Scala: Convert List[B[A]] into List[A]
Hey Scala squad! In this post I’m going to show some ways of extracting values from list or sequence of boxed elements. It’s a pretty common case when you have a Seq[B[A]]
, but instead of it you need to get Seq[A]
. To be more precise it may be Seq[Try[String]]
or List[Option[Int]]
.
It’s not a big secret that Scala has a lot of powerful functions for collection manipulations. But in what order it’s better to apply them to achieve the desired result? I prepared multiple examples of how this may be solved. If you have better ideas, just put them in the comments.
In order to show how to flatten list of Try
or Option
or whatever box type we need to introduce some sequence example.
val listOfTries: Seq[Try[String]] = Seq( Success("Yes"), Success("Ok"), Failure(new Exception("No")), Success("Deal"))
So the first method to extract String
s from listOfTries
is to filter all of the elements by applying isSuccess
method and then map each of success elements to its internal string value.
val listOfStrings = listOfTries.filter(_.isSuccess).map(_.get)

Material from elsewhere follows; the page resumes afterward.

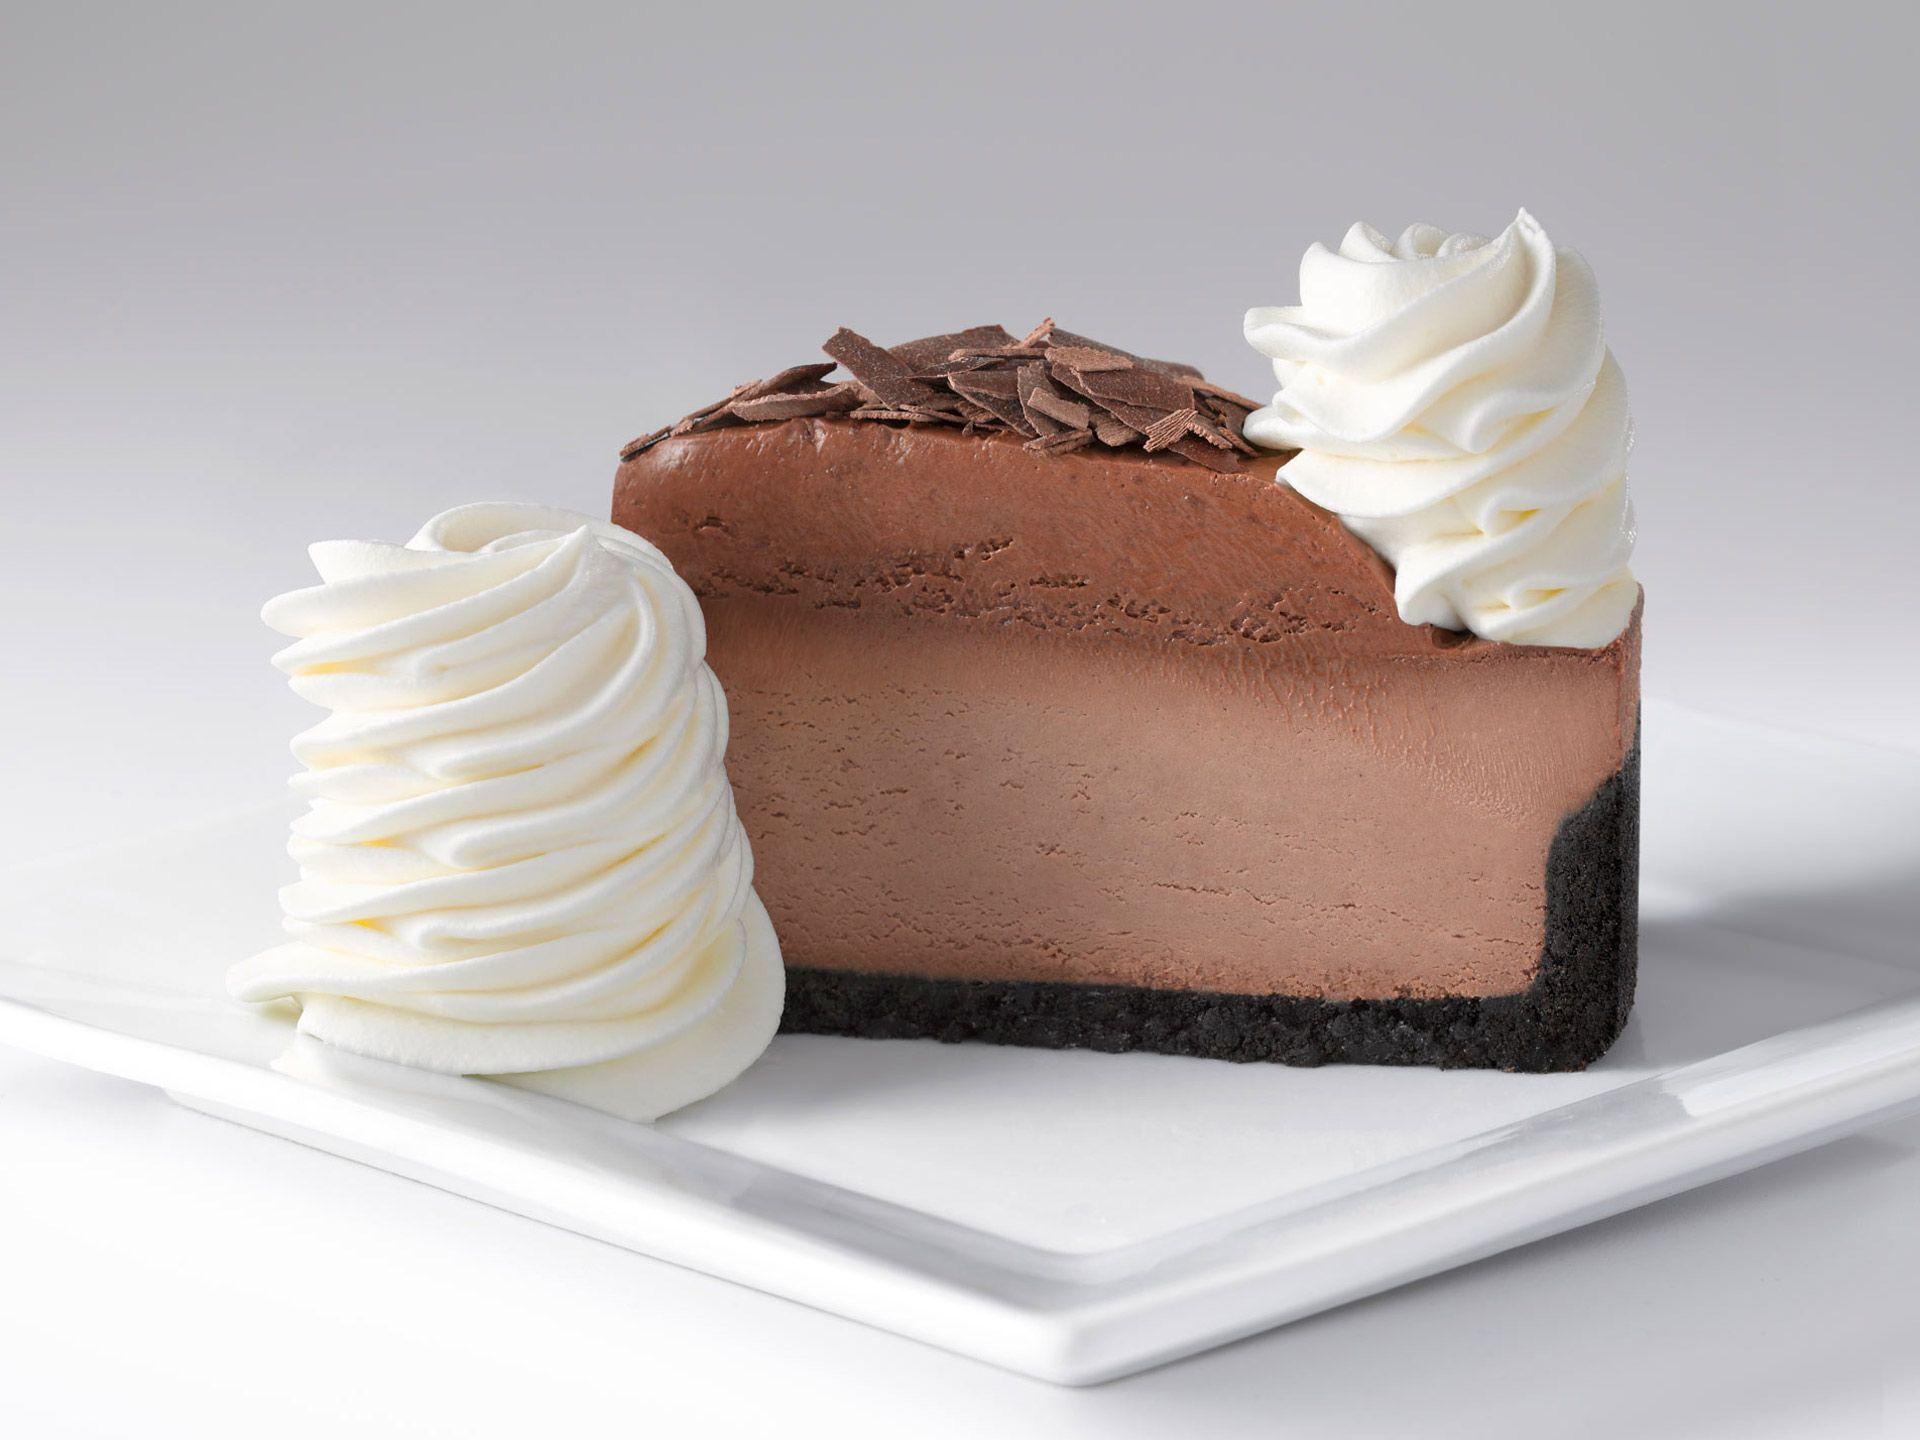 Chocolate Mousse Cheesecake Silky Chocolate Cheesecake

It’s ok, as for me, but there may be even more concise solution:
val listOfStrings = listOfTries.collect { case Success(str) => str }
Since collect
accepts PartialFunction
, we just iterating through all of the elements, match them to Success
and finally retrieve their values.
Summary
The same approach may be used for processing of sequences with Option
elements. But I’m still curious about your thoughts regarding the solutions which I illustrated above. You are more than welcome to comment this short article 🙂
P.S.: Sorry for a such short blog post, but it’s hard to resume after a pause.